Is Your L&D’s Reputation as Good as You Need it to Be?

L&D reputation

One of our clients, who is a senior leader in L&D, said to us recently after having had a difficult conversation with a regional manager about a botched training session, “If she can deliver training better than my staff can, then she should. If we aren’t exceptional in the classroom, we should look for different jobs.”

This client understands one of the fundamental challenges in-house trainers face—demonstrating expertise and earning the trust of the learners and the business units they serve.

“If we aren’t exceptional in the classroom, we should look for different jobs.”

As an L&D leader, you understand this well. It’s your job to make sure that every one of your trainers shines in the classroom, virtually or face-to-face. Every training session must be conducted with efficiency and an eye toward business results.

Not an easy thing to do. There are a few reasons for this.

Reasons L&D’s Reputation May be Lackluster

Varied Experience in the Field

The background and experience of your trainers can be vastly different. Some may have years of practice in the classroom, but little formal training in L&D. Others may have a grasp of curriculum development and adult learning, but little real-world classroom experience. Some may be accidental trainers who fell into training and liked it enough to make a career of it. This variety means that each person may have gaps in some key areas and may over-rely on some strengths. The result is that training can be uneven and wildly varied in its sophistication and approach.

Lack of Understanding of Why Training Matters to the Business

Trainers may not understand how the work they’re doing contributes to the business. Training touches everyone, including new hires, managers, and leaders. And if those people are frustrated by the training they’re receiving, the L&D function isn’t serving the business as well as it needs to. And that leads to a lackluster reputation for L&D.

Training to the Rescue

To fill in the gaps, improve consistency, and achieve business results requires nuanced training for your trainers. A successful train-the-trainer program focuses not only on what and how training is delivered. It also creates a trainer mindset that is learner-focused, business-savvy, and curious.

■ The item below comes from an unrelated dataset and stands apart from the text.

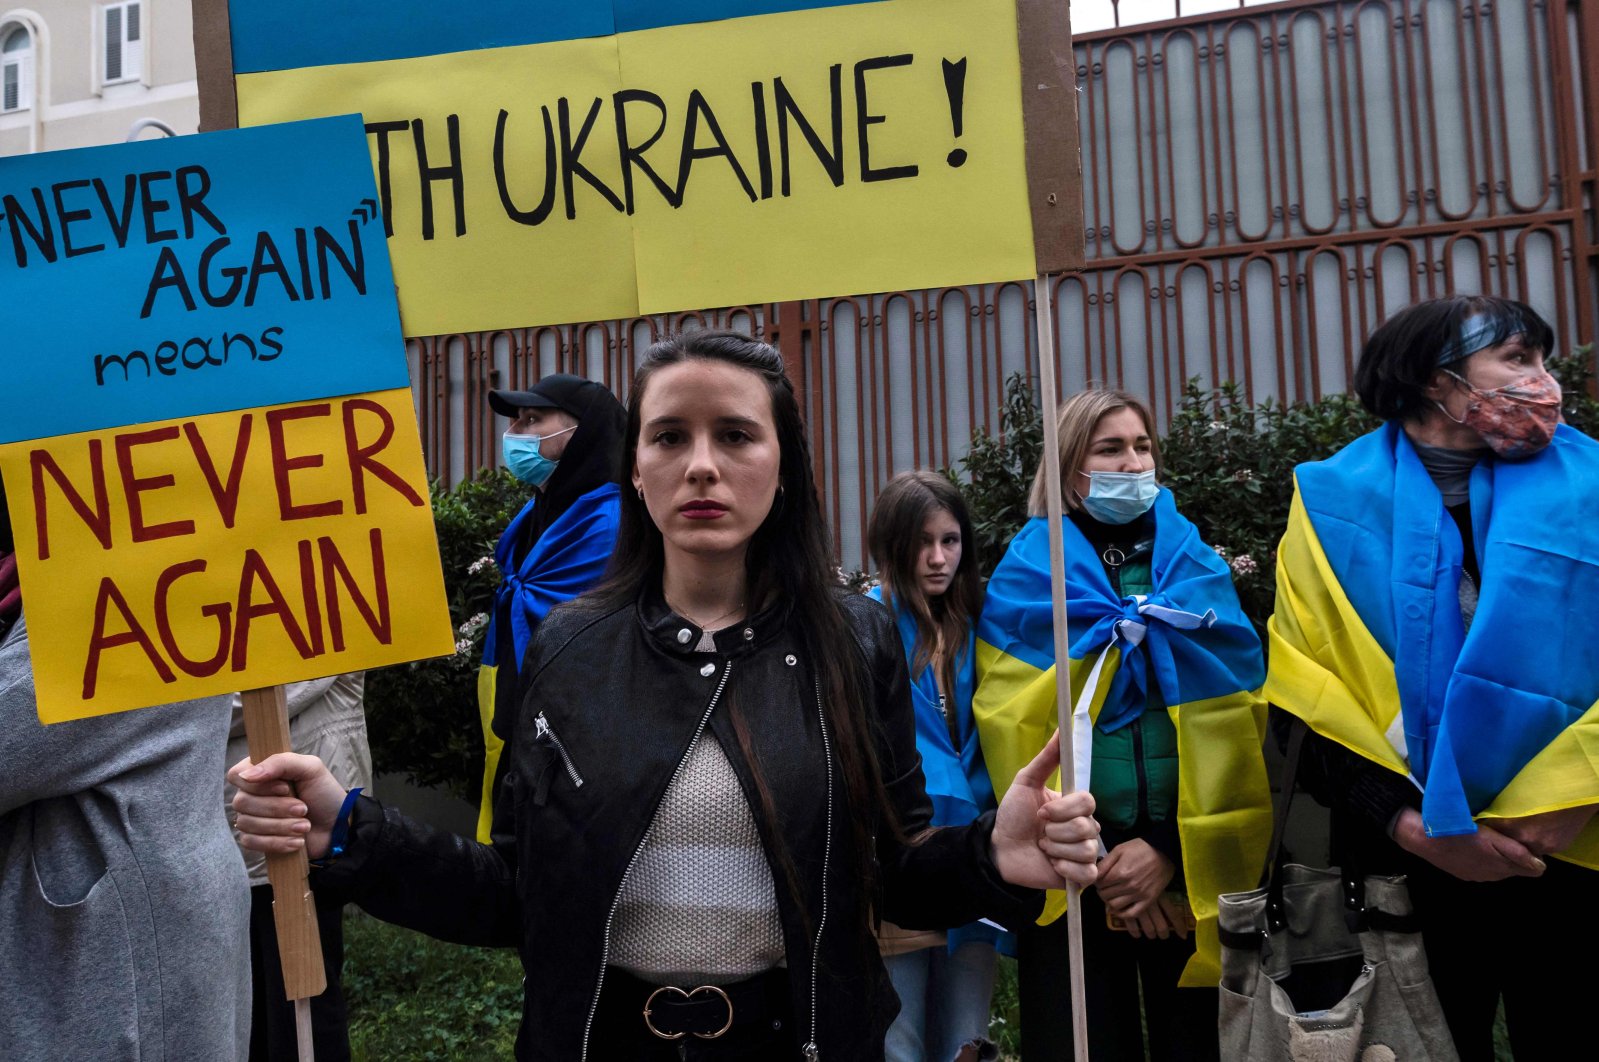 Ukrainians and Cypriots take part in a protest against Russia&#039;s military invasion of Ukraine, outside the Russian embassy in the Cypriot capital Lefkoşa (Nicosia) on March 1, 2022. (AFP Photo)

Such a train-the-trainer program addresses

  • Business Results. Everyone in L&D needs to understand the business they serve and the specific initiative each training program serves. This is the north star that should guide everything.
  • Brand. The training should help you define your L&D brand. To do that, every train-the-trainer program should begin by agreeing on two sets of goals.
    • The first is department-wide. Answer this question: Building on our company’s brand, how do we as the L&D team want to be perceived by our internal clients and learners? Treat this list of attributes as your brand and let it guide your work.
    • Second, each trainer should be asked to set their own goals. Taking the department’s brand into account, how does that individual want to be perceived? These goals should be used to guide the feedback and recommendations given to each trainer.
  • Everyone’s Strengths and Weaknesses. Training should take each trainer’s natural abilities and inclinations into account. Not all trainers are alike and everyone improves along a different path. Training should amplify an individual’s strengths and shore up areas of weakness.
  • Learner Engagement Over Gimmicks. Training should help trainers engage their learners in a genuine conversation. Trainers need to understand and apply the skills required to get out of their heads and stay laser-focused on learners. This focus on engagement should also help trainers understand why many traditional trainer tactics should be banished: memorized openings, ice breakers, forced fun, and sandwiched feedback, are some of the most egregious examples.
  • Practical Instructional Design. If trainers are developing their own materials, your train-the-trainer program should offer feedback on curriculum-development best practices, including creating slides and other media that help them deliver their material cogently and cleanly. Far too often slides stand in the way of clarity.
  • Content Delivery that is Internalized. If off-the-shelf training is offered in your curriculum, trainers should be encouraged to discover the whys behind recommended approaches and tactics. Only when trainers ask their own questions and get satisfactory answers can they make the content their own. Once that happens, they can answer questions from their learners. (HINT: If training suppliers provide a script or otherwise insist on canned delivery, you may wish to look elsewhere.)
  • Learner-centric Delivery. A good train-the-trainer program should teach trainers to customize their training to meet the real challenges faced by their learners. Training shouldn’t feel like a boxed lunch. Instead, it should be like a custom pizza: based on a solid approach, but topped with the ingredients learners need to do their jobs.

In sum, there is a solution if your L&D department’s reputation is hovering in the neutral-to-negative zone. Elevating everyone’s training abilities—to question, to adapt, to apply, and to engage—will make your company’s employees look forward to training. They will see it as a way to truly get better in the context of your organization’s needs and aspirations.